Police track down a neighbor who reports seeing a dark-skinned male running from the scene.
"One of the witnesses indicated that the person that they saw walking away was short, thin African-American-looking person in appearance, with dark curly hair," said Fisz.
Another witness told cops they remember a black car speeding away.
News of a possible killer on the loose rocks the city of Deerfield.
"Nothing bad ever happens in Deerfield, so word of the shooting spread quickly," said Ari Fisz.
Across town, Shaun Gayle gets a call from a local reporter, telling him a pregnant woman has been shot in Rhoni Reuter's neighborhood.

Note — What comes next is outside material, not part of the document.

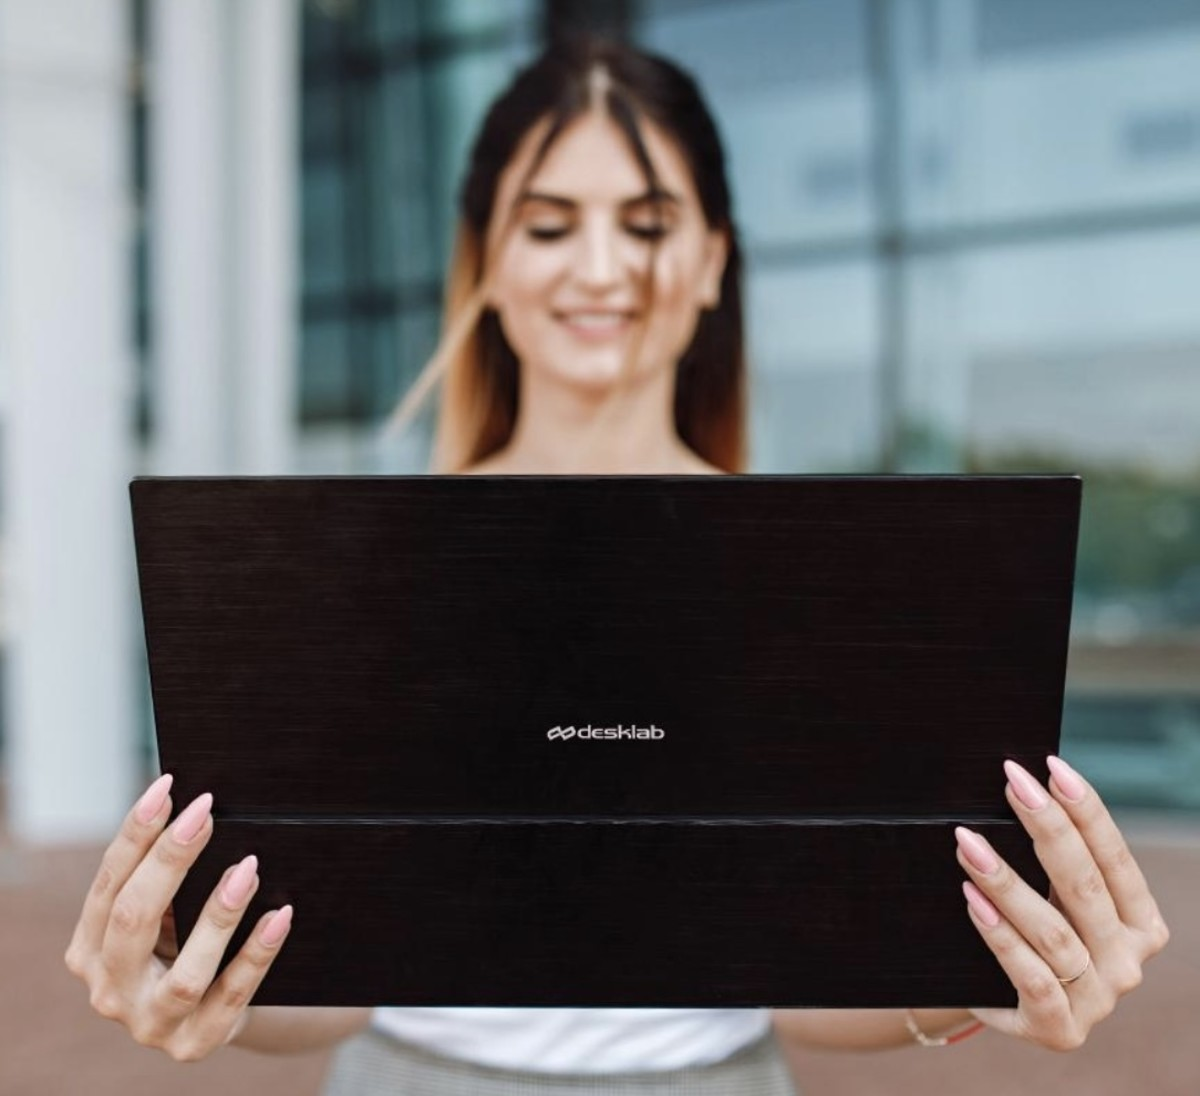 desklabs-portable-4k-touchscreen-monitor-really-does-the-job
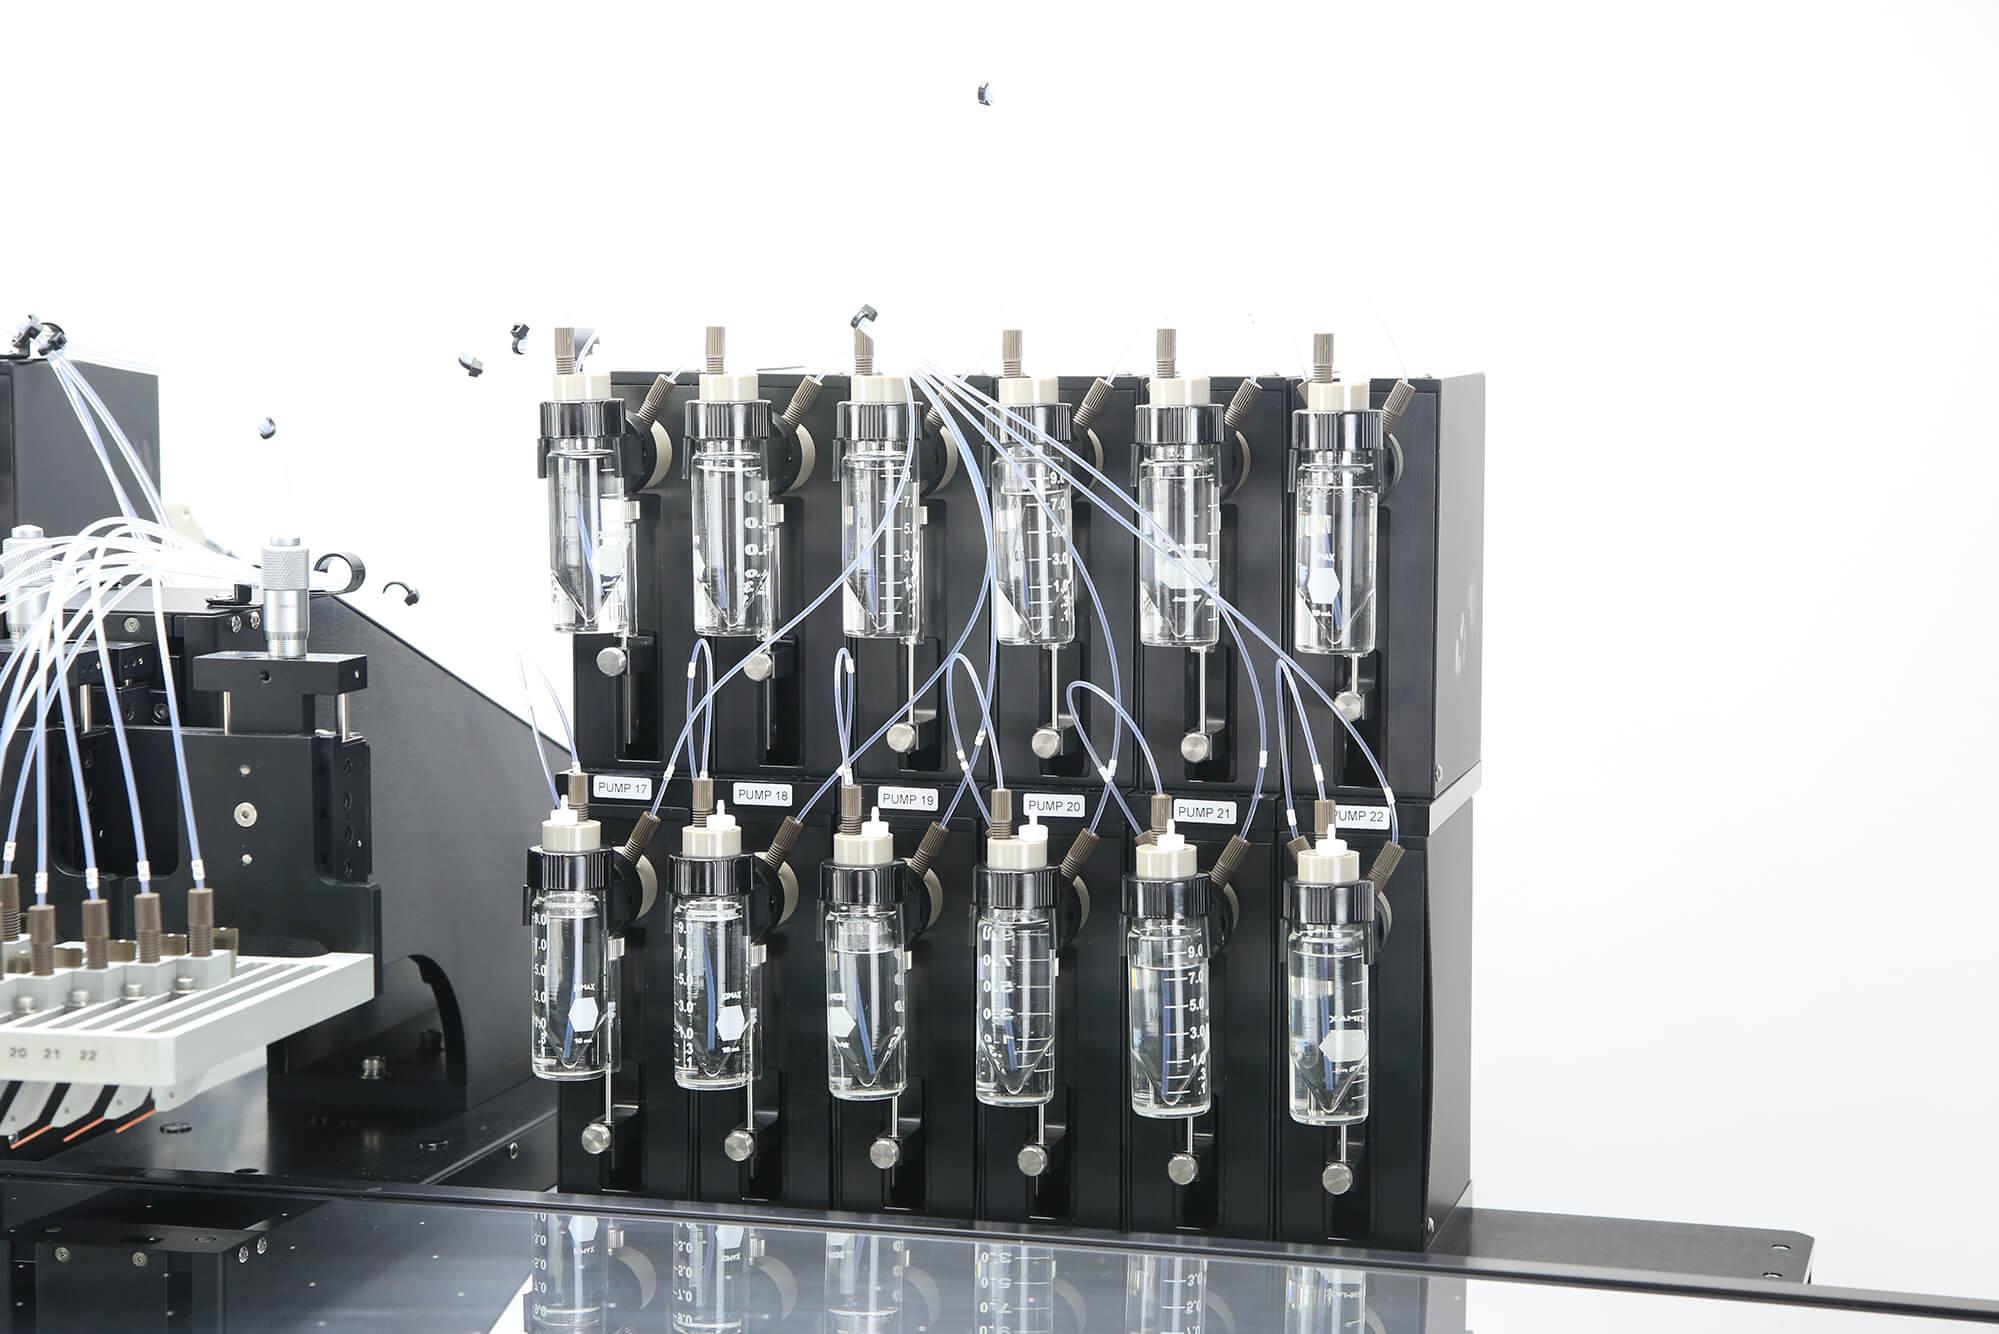 XYZ3210 Immunoblot Dispensing Pumps

His fears are confirmed when he calls police and finds out Rhoni is dead.
"He was very upset on the phone," said George Filenko. "You could barely make out what he was saying."
While many rushed to console the grieving gridiron great, Deerfield Police weren't buying his tears.
"Initially, Shaun was considered a person of interest, almost immediately," said Filenko.
Shaun tells police he had nothing to do with Rhoni's murder. He had an alibi.
"He was getting his hair cut in North Chicago," said Fisz.
Was there a possibility he could've committed the crime and then gotten back to the barber shop in that time frame?
"It was theoretically possible," said Fisz.
So he wasn't ruled out because of that alibi.
"Not because of the alibi, no," said Fisz.
But what about that eyewitness's description of the slim, African-American man spotted fleeing the scene?
"[Shaun Gayle] is a former professional football player, and so he was a bigger guy, and the physical build didn't match at all," said Fisz.
Still, cops couldn't rule out the possibility Shaun had an accomplice, or hired a hitman.
"Unfortunately, suspect number one is going to be the other half," said George Filenko.
The big question cops couldn't answer: Why would Shaun Gayle want to kill Rhoni Reuter and his unborn baby girl?
Investigators stumbled across a bizarre letter inside Rhoni's purse, written in broken English.
"It was a letter drafted to a number of women, I believe there may have been 15, 16, 17 women on this letter, including Rhoni," said Filenko.
Cops soon discover the women on the list had one thing in common: they were all sleeping with Shaun Gayle.
Cops in Deerfield, Illinois are starring at a possible motive for Rhoni Reuter's murder: 17 of them, in fact, all in a bizarre letter found near Rhoni's pregnant bullet-riddled body.
The letter, written in broken English, lists the names of 17 women and their phone numbers. All of them girlfriends or lovers of the father of Rhoni's baby, former Chicago Bear Shaun Gayle.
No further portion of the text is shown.